SUPPLIED DATA =
=== Section Start ===
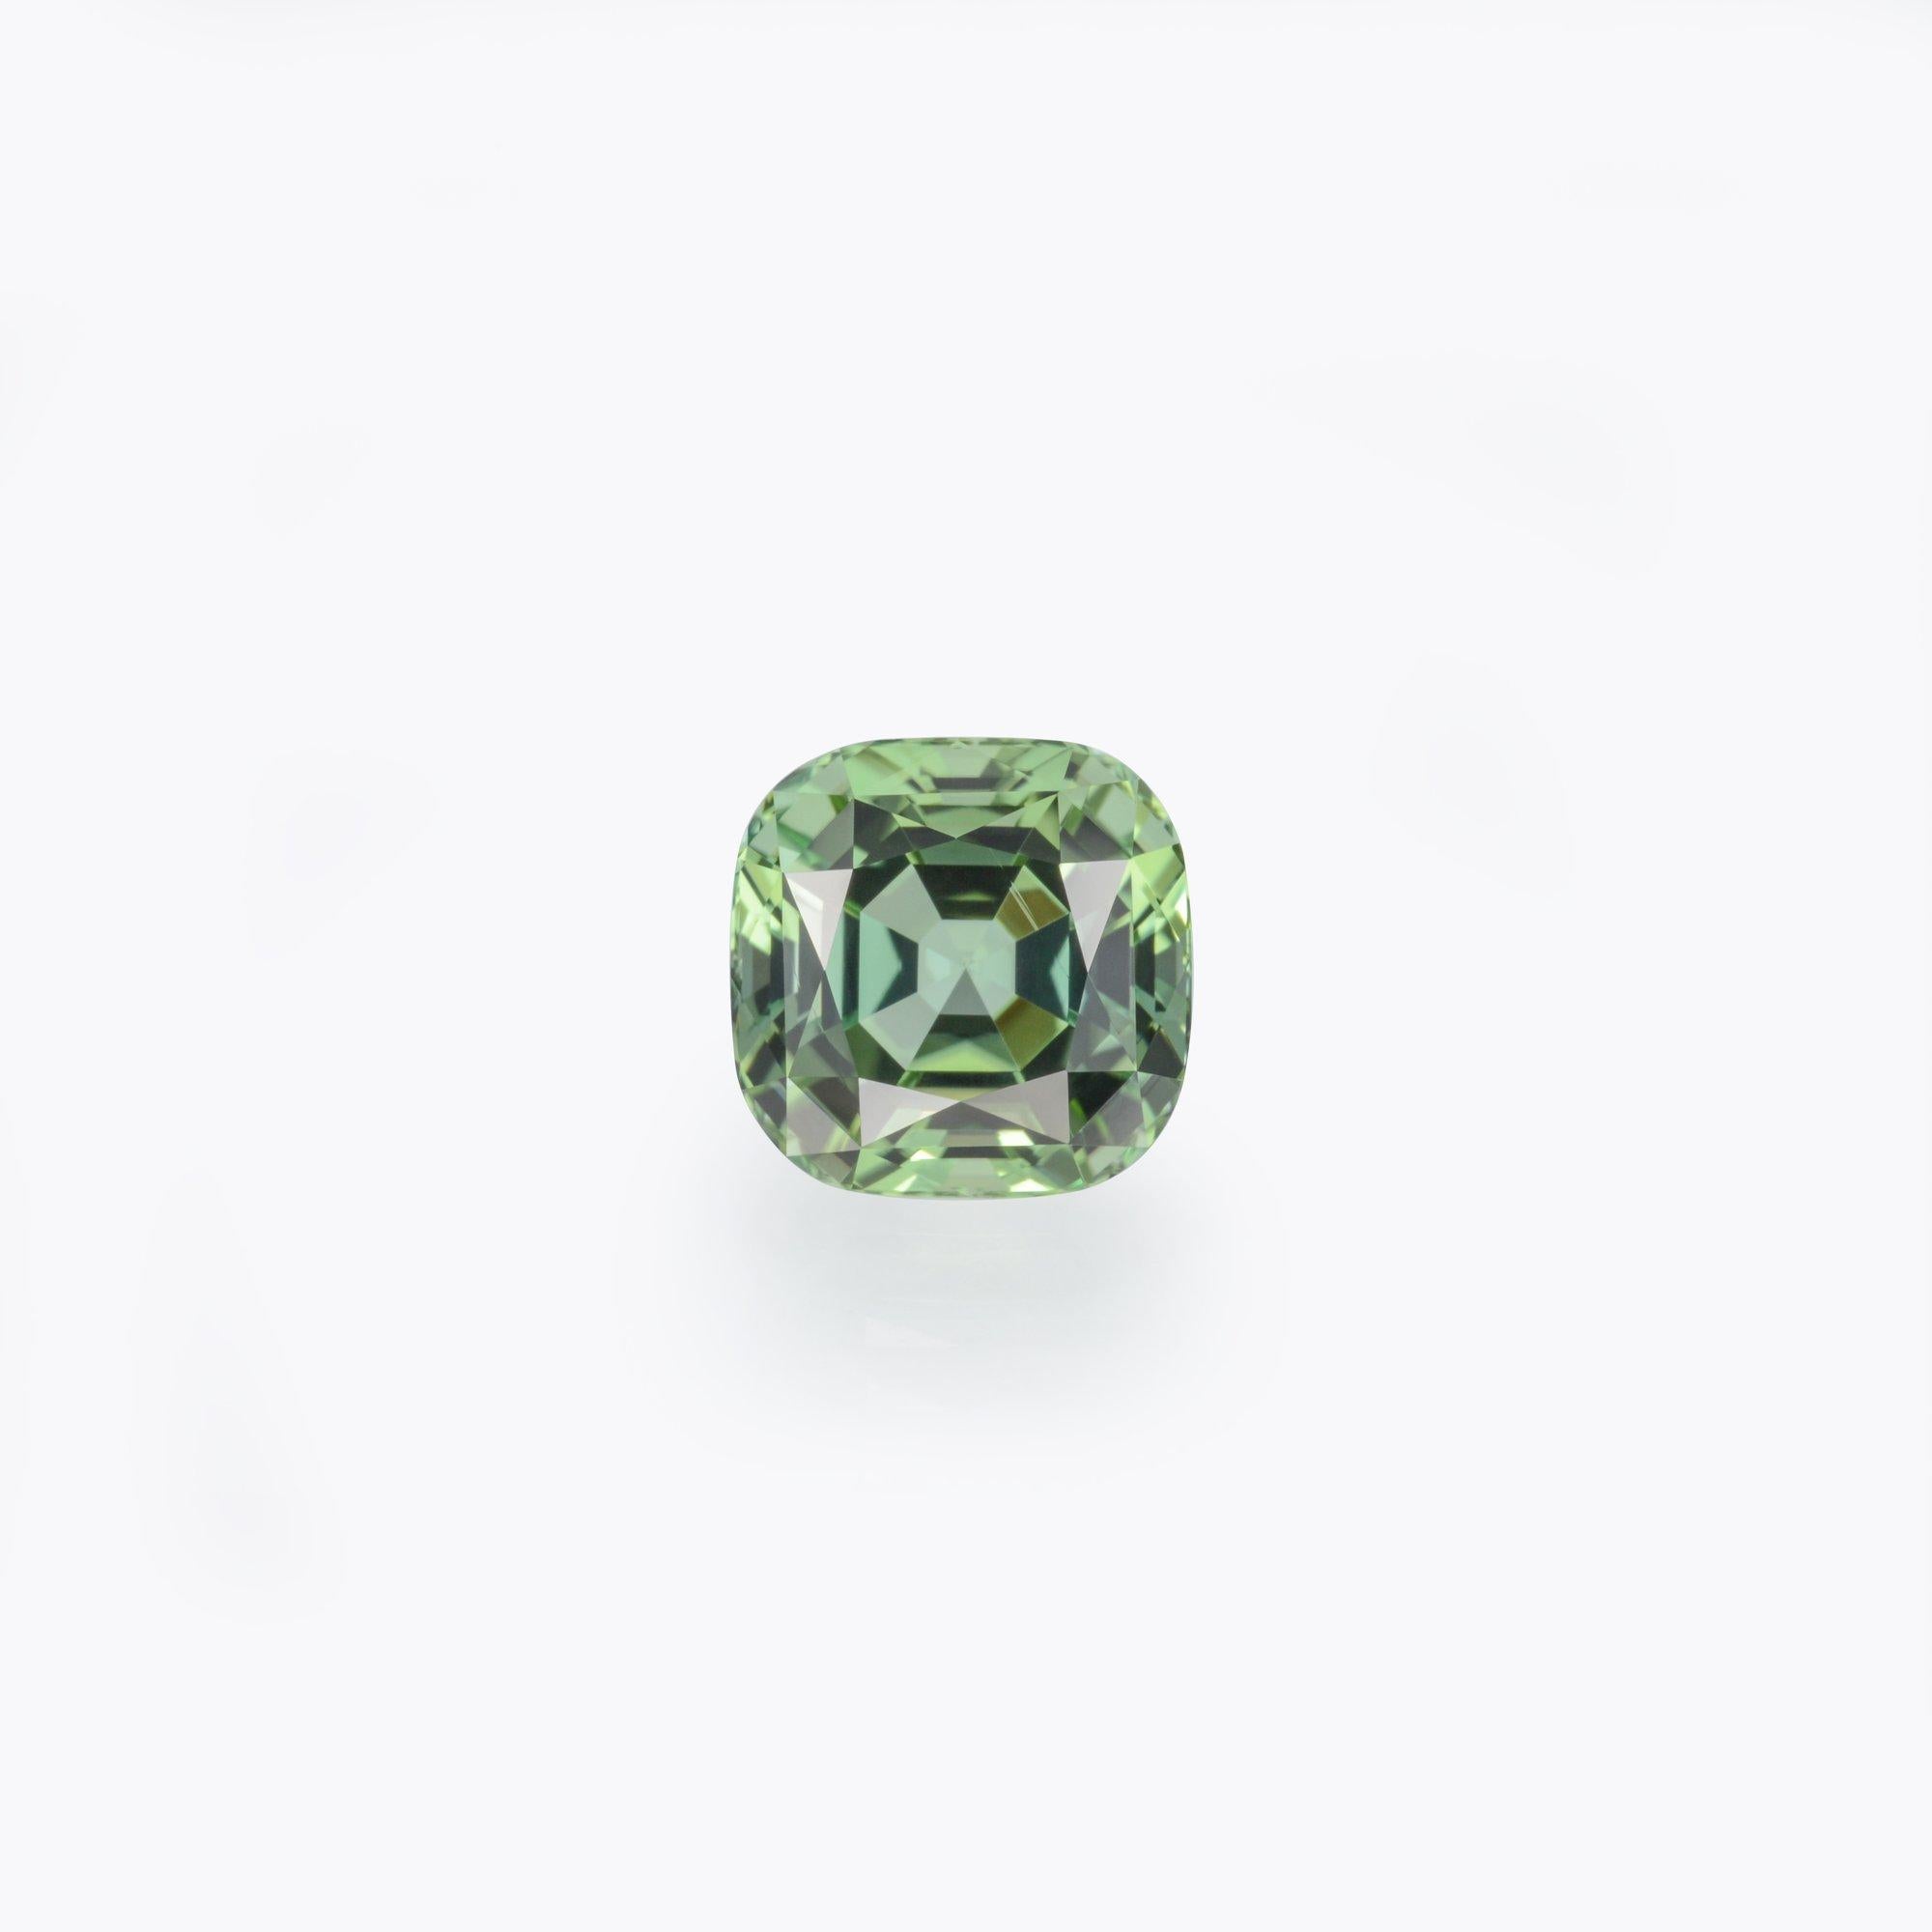 Cushion Cut Green Tourmaline Ring Gem 5.27 Carat Loose Gemstone
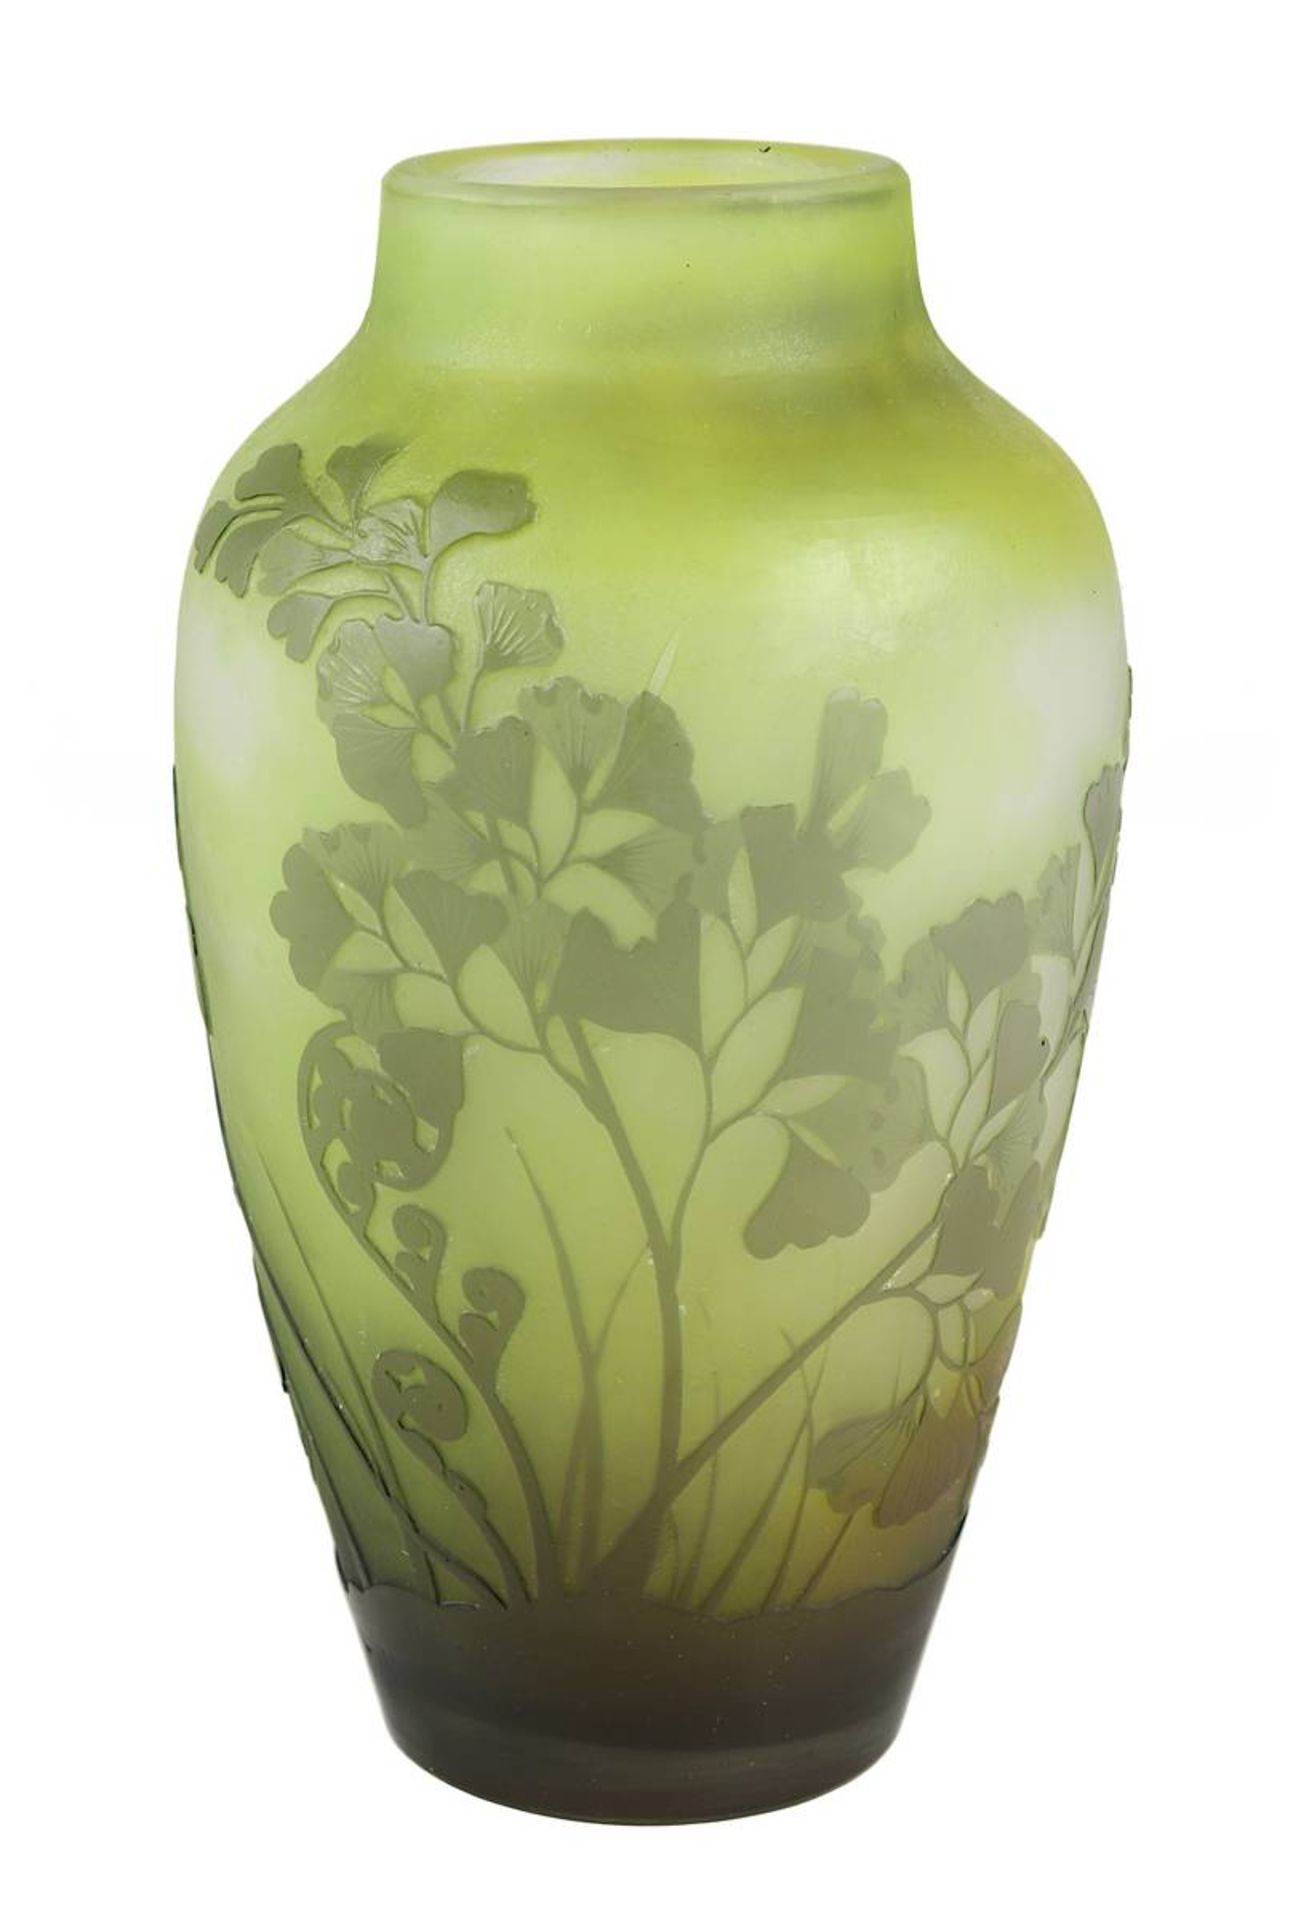 Gallé Jugendstil-Vase mit Farnmotiv, Nancy 1906-14, Klarglaskorpus innen mit grünbraunem
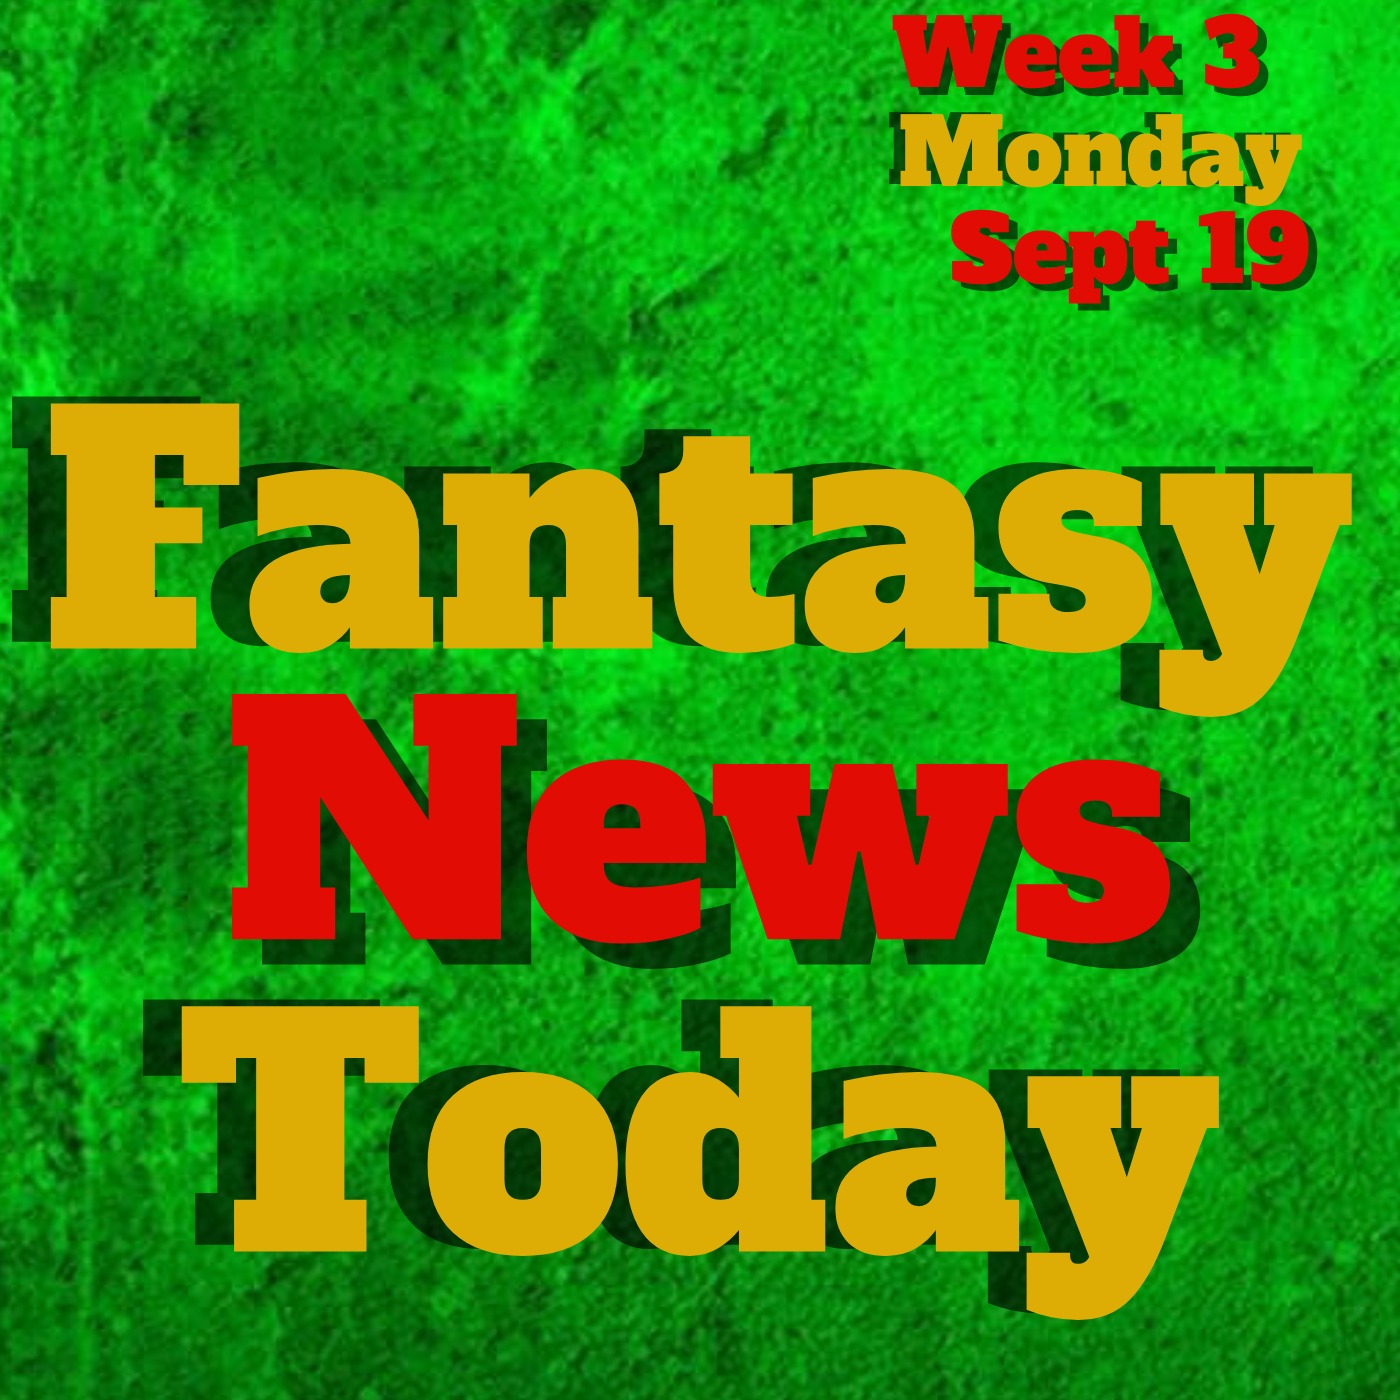 Fantasy Football News Today LIVE | Monday September 19th 2022
=== Section End ===
WORK TO BE COMPLETED = Restate all of the material above word for word, excluding the pictures.

ANSWER =
 Cushion Cut Green Tourmaline Ring Gem 5.27 Carat Loose Gemstone
 Gallé Jugendstil-Vase mit Farnmotiv, Nancy 1906-14, Klarglaskorpus innen mit grünbraunem
 Fantasy Football News Today LIVE | Monday September 19th 2022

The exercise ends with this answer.